Colleagues Adam Davis and Kate Schaefer of Division Leap Books meditate on the mysteries of the proto-punk narrative, while Cynthia Gibson (a spiritual relation only) and Rob Rulon-Miller, representing Rulon-Miller books, study hard to make themselves better booksellers and more caring human beings.
This year’s event was certainly worth the investment of driving time, road dollars and mental energy. I met some new librarians, had a few excellent conversations with librarians and booksellers, and even sold a couple of items. The river was lovely, the companionship wonderful, and the food superb.
Here, Heidi Congalton of Between the Covers and Kevin Johnson of Royal books are having a little chat. The librarians only came in numbers toward the end of the day, so we booksellers spent a lot of time having little chats. The big windows in the back ran all across the room, giving us a wonderful view of the Mississippi. Great storm about 3 PM!
All in all the event was a success. Only one troubling thought followed me on the long drive home.
The day after the Dealer’s Showcase, on Wednesday morning, I gave a talk to about 200 librarians. My topic was “Archives in the 21st Century: One Dealer’s Perspective” and the talk consisted of stories about various archives I’ve had experience with. My idea was to demonstrate anecdotally the many new pressures on archival material in the 21st century market. My major conclusions were that the Internet now draws more material out of hiding than ever before – including by theft – and that auction houses, whose rise strangely mirrors the decline of “bricks and mortar” book shops, tend to disintegrate rather than aggregate archives. The punch line was, “My friends, I’m here to tell you that auction houses are not our friends.” This was all well received.
Then followed a Q&A session. At one point someone asked me about pricing procedures involved in offering archives to institutions. I gave my answer, then turned to my co-speaker, Lee Hampton, of the Amistad Research Center at Tulane, and asked him what the procedure was like on his end, at Tulane. He brought the house down by replying, “We never buy anything. We rely on donations.”
He then launched into an interesting discourse on the methods he employed to sway potential donors. Surveying the room as he spoke, I got the sense that a significant minority of the audience – perhaps 20% - agreed with his “donations only” stance. This, of course, implies that booksellers are essentially parasites who have inserted themselves into the donor/recipient relationship.

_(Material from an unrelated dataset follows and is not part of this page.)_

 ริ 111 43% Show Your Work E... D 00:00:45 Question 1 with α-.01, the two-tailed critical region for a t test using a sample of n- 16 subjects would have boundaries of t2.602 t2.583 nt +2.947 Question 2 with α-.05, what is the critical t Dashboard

Mr. Hampton’s statement bemused me because I’m pretty certain it’s untrue. Amistad buys things from book dealers. Beyond that rather quirky wrinkle, its implications are troubling.
Does the Amistad Research Center have its holdings insured? If so, how could the insurance appraiser ascertain fair market value if he was forced to work in a world where nothing ever got sold, if everything was donated, if there were no “comps”- records of prior sales of similar items? If a donor needs a tax writeoff, how could he evaluate his donation except in comparison with sales of similar material?

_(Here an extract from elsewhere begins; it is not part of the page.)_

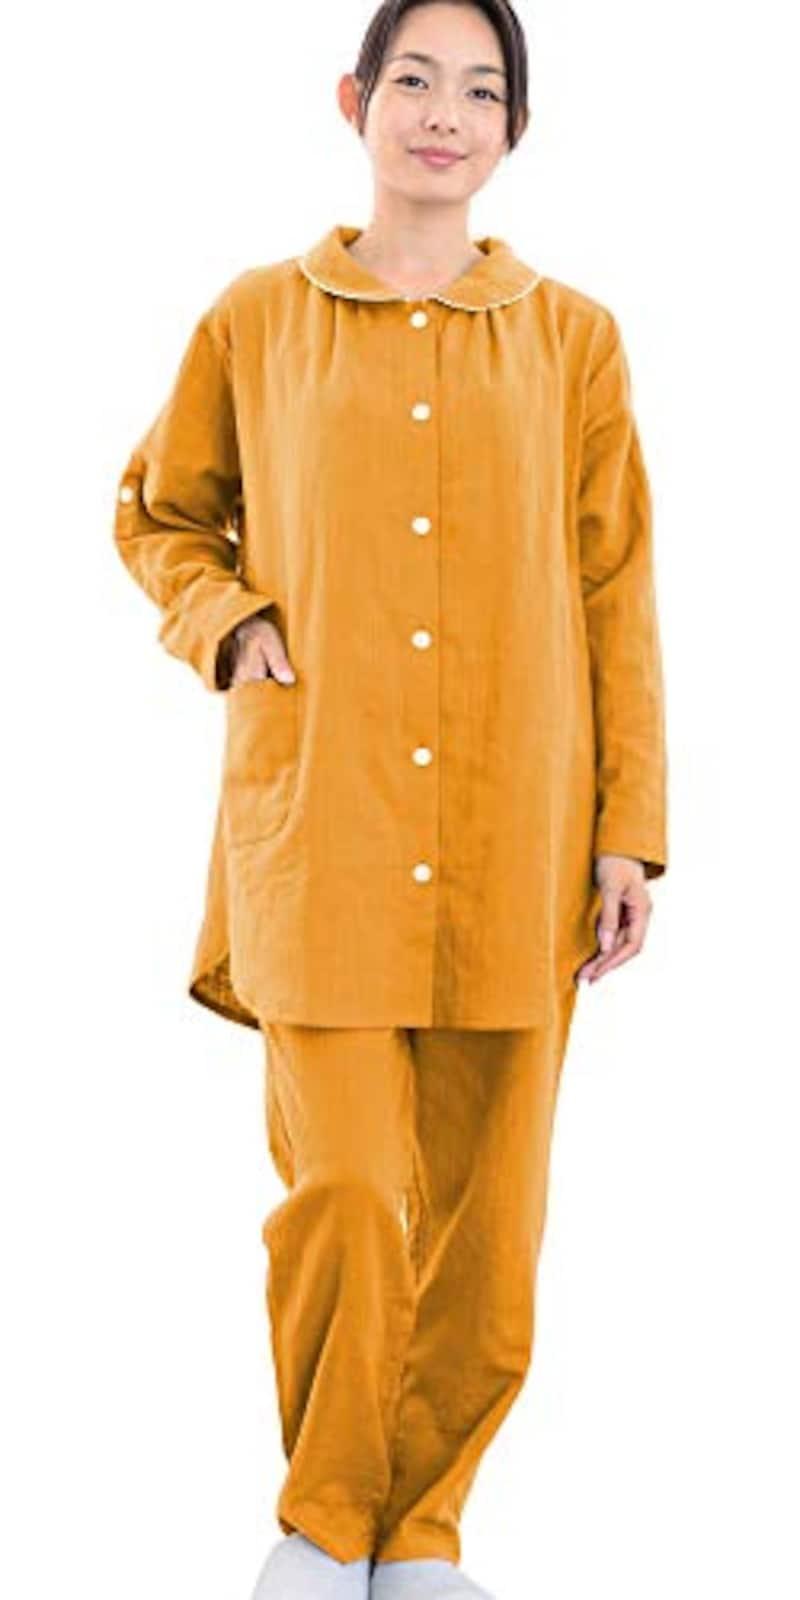 パジャマ工房,レディースパジャマ  長袖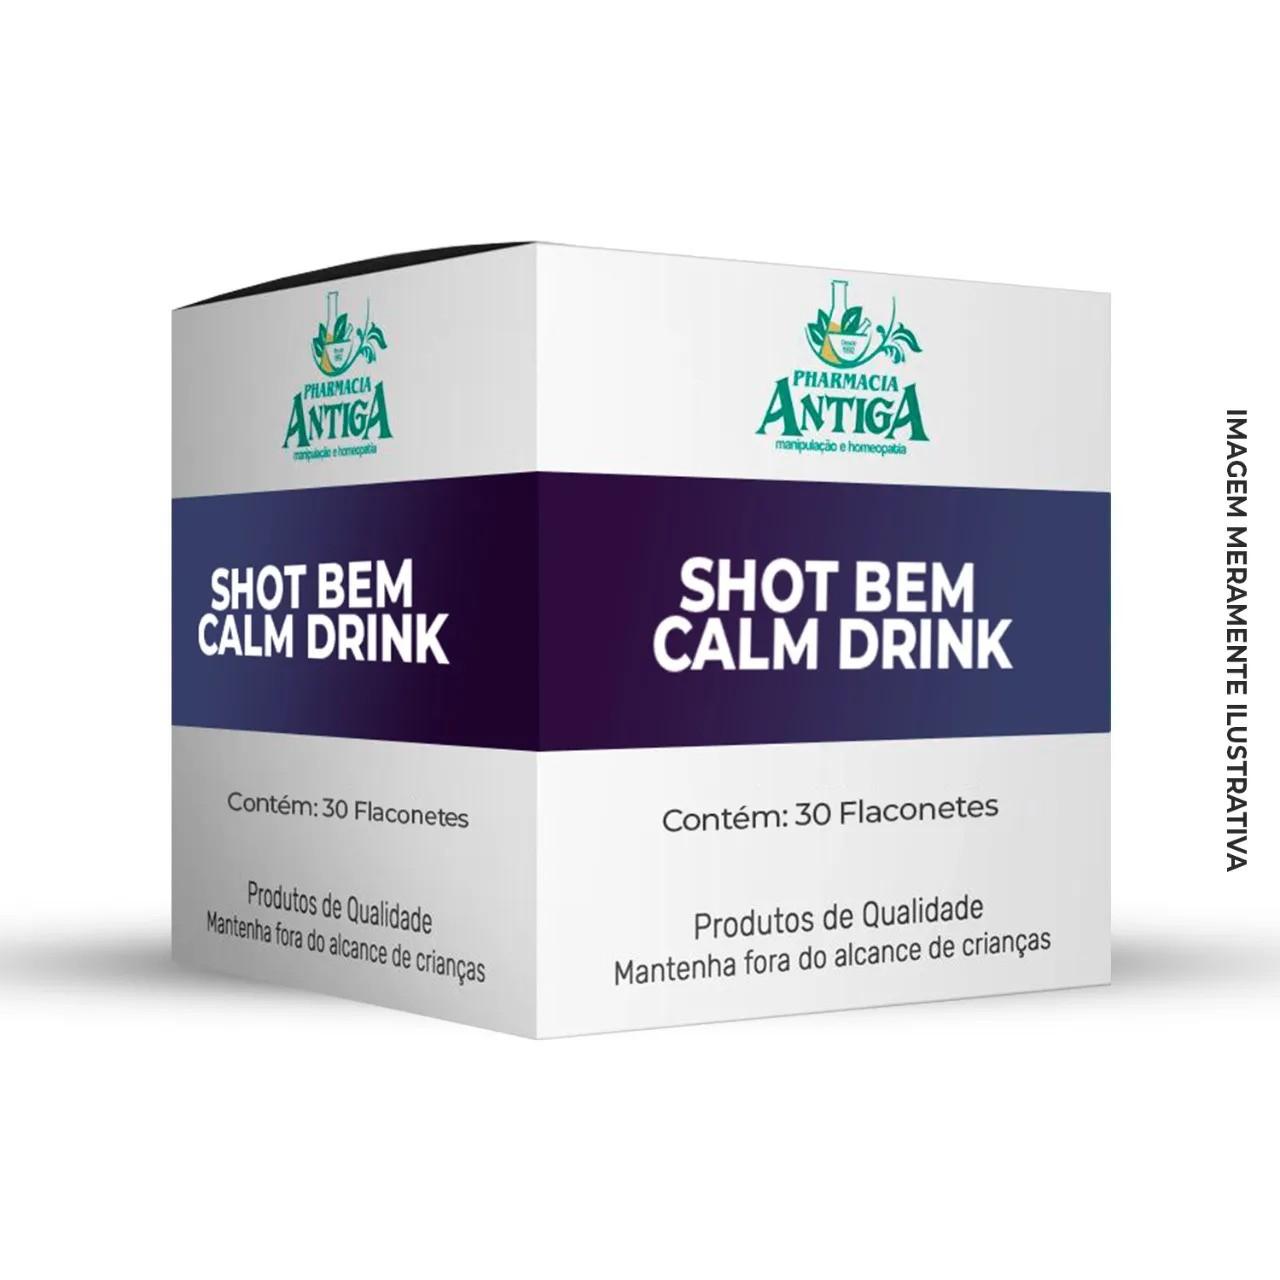 Shot Bem Calm Drink

Certainly, donations are important to any institution. I understand and respect that. But by theoretically excising the book trade from his sources of supply Mr. Hampton does serious damage to what Michael Suarez refers to as the “ecology of the book trade” – a broad concept that includes institutions and collectors as well as dealers. As we all know by now, to eliminate any bit of an integral ecology – even “parasitical” book dealers – only damages the whole.
Mind you, the vast majority of those librarians in attendance “get it” about the book trade. They see our place in the greater scheme of things.

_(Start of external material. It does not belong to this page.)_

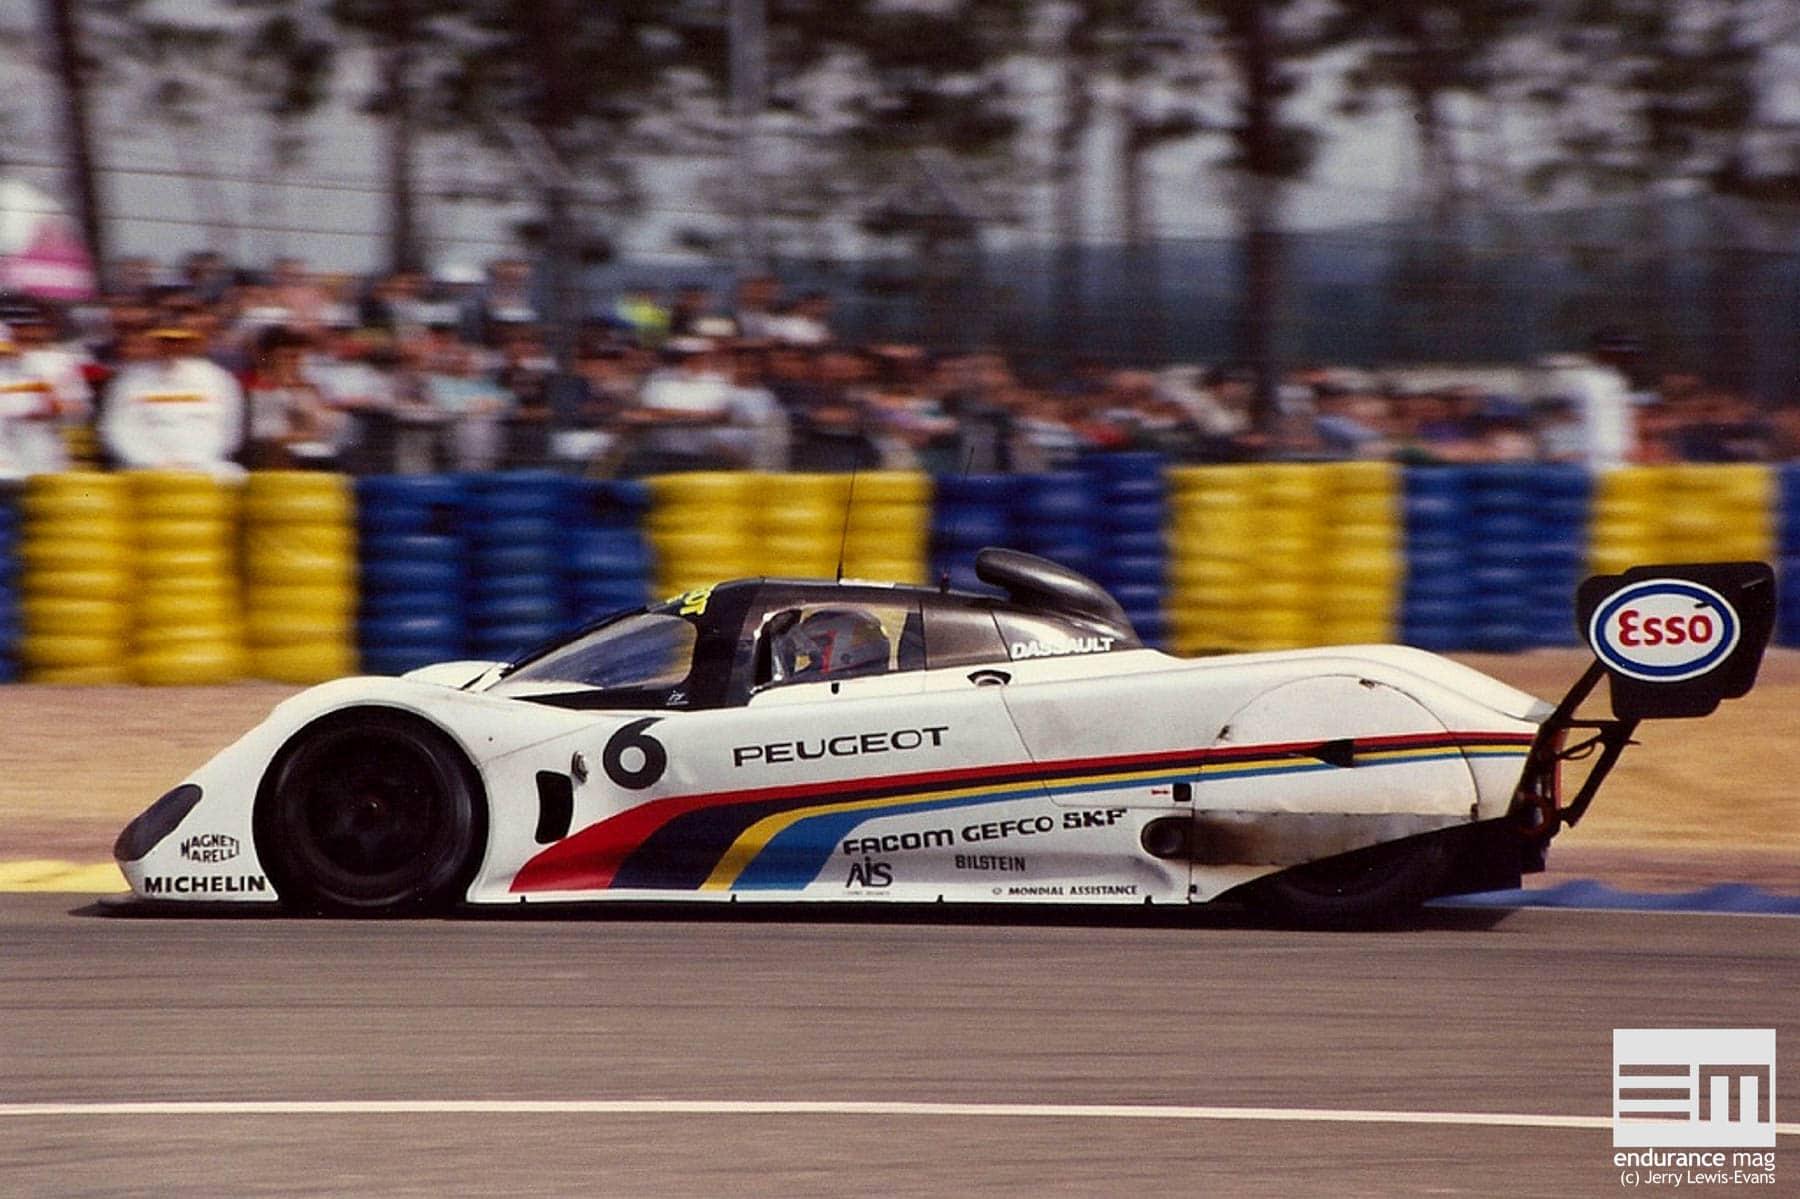 Peugeot-905-Le-Mans-1991-1

Colleague Ian Kahn of Lux Mentis Books attended the conference and, though he didn’t participate in the Dealer’s Showcase, paid to distribute his advertising material to the attending librarians. Part of what Lux Mentis had on offer was “Collection Development.” On its face, this seemed like a reach to me. I mean, the guy has been in business for about a quarter of the time I have been, and I still don’t offer “Collection Development.” What does he know?
But as I considered the matter on the ride home (long, yes) I realized such services can be a genuine “value added” part of an institution’s relationship with a dealer. Very few of us have enough knowledge to sit on high and dictate which books an institution or collector should acquire. But most of us in the ABAA have the skills to work with an institution in order to bring a broader perspective to collection development. This is what Ian offers. And it’s an important aspect of what book dealers can bring to the table.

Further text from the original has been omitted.